══ Data extract

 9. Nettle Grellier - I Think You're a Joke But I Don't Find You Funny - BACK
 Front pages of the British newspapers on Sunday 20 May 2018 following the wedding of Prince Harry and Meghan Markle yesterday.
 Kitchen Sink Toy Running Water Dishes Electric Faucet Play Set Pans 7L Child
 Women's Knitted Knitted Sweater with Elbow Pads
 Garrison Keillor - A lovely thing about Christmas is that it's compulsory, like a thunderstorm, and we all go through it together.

════

Please copy the line holding "Women's Knitted Knitted" and all lines after it to the end of the records, exactly, and nothing else.

Answer section:
 Women's Knitted Knitted Sweater with Elbow Pads
 Garrison Keillor - A lovely thing about Christmas is that it's compulsory, like a thunderstorm, and we all go through it together.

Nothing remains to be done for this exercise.